Login with your enterprise admin credentials.
Click "Configuration" in left menu.
Choose "Roles" under People options in Enterprise Administration section.
Select the role to edit and click "Edit Role" in right panel. Role screen will appear for re-configurations.
Click "Enterprise Access Preferences". Select the user settings check boxes and their respective granular access as required.
Click "Save changes".
See the description in the "Enterprise Access Preferences" table below.
When you update a role in a production environment, the saved changes are available to the related users on their next login.
By default, the "Advanced Enterprise Reports" option will be disabled for all existing user roles.
The "Advanced Reports" will only be visible to the enterprise owner, and its child users (if the "Advanced Enterprise Reports" configuration is allowed against their role).

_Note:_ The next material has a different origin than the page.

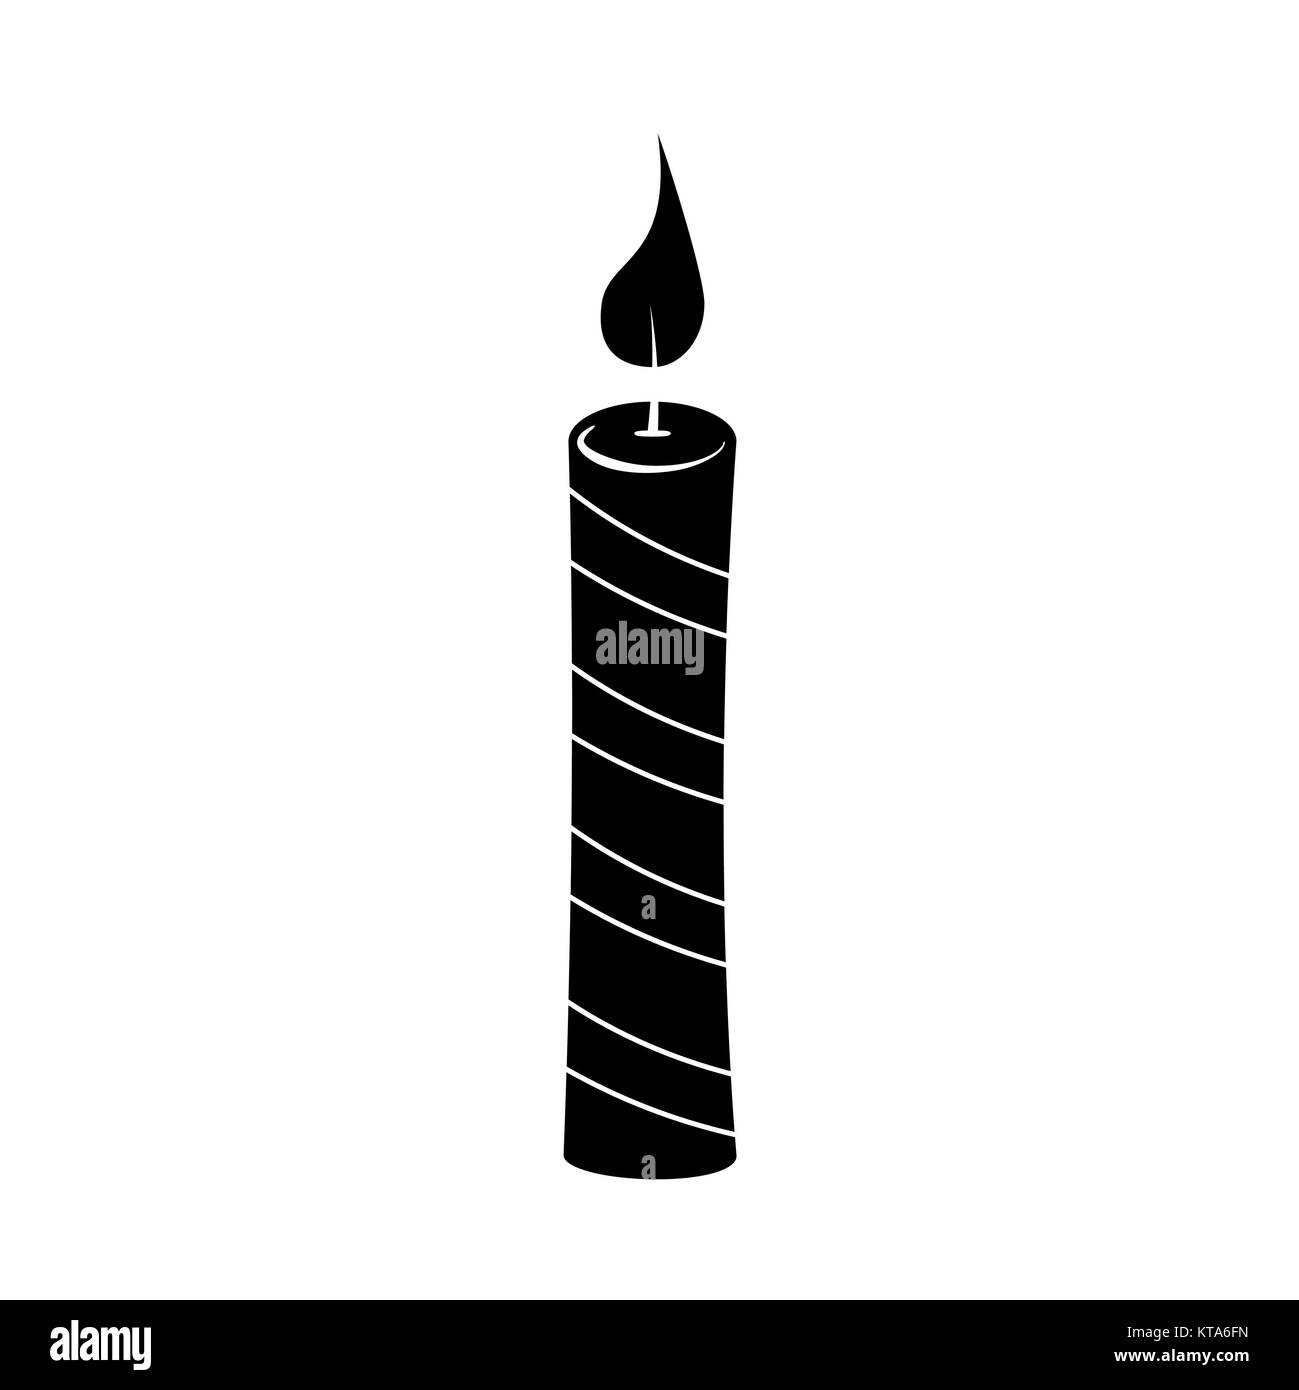 Candle silhouette Black and White Stock Photos & Images - Alamy

When you purchase an enterprise account of SigningHub, a default Enterprise Admin user is provided to you, having all the privileges and access in your SigningHub account. You can use the credentials of your Enterprise Admin to configure the role based granular access (i.e. read, add/ edit, and delete access on different modules/ sub modules of the system) for your enterprise users. You can even create multiple Enterprise Admins as required. When a new Enterprise is created, two roles will also be created in the Enterprise: Enterprise Admins and Enterprise Users. The Enterprise Users role is marked as "default", which means whenever a new user will be created in this Enterprise, the default role will automatically get assigned to the user. However, you can always modify which role should be the default. Remember, only one role can be marked as "default". In addition, you can also add new roles under this Enterprise. Read on to know what more you can do on this page. From here, you can manage (Add, Clone, Edit, and Delete) different roles and can assign them to your enterprise users and external users, in order to provide them custom access in the system. However you cannot delete a role, as long as it is assigned to any user within your enterprise or to external user of third party integration.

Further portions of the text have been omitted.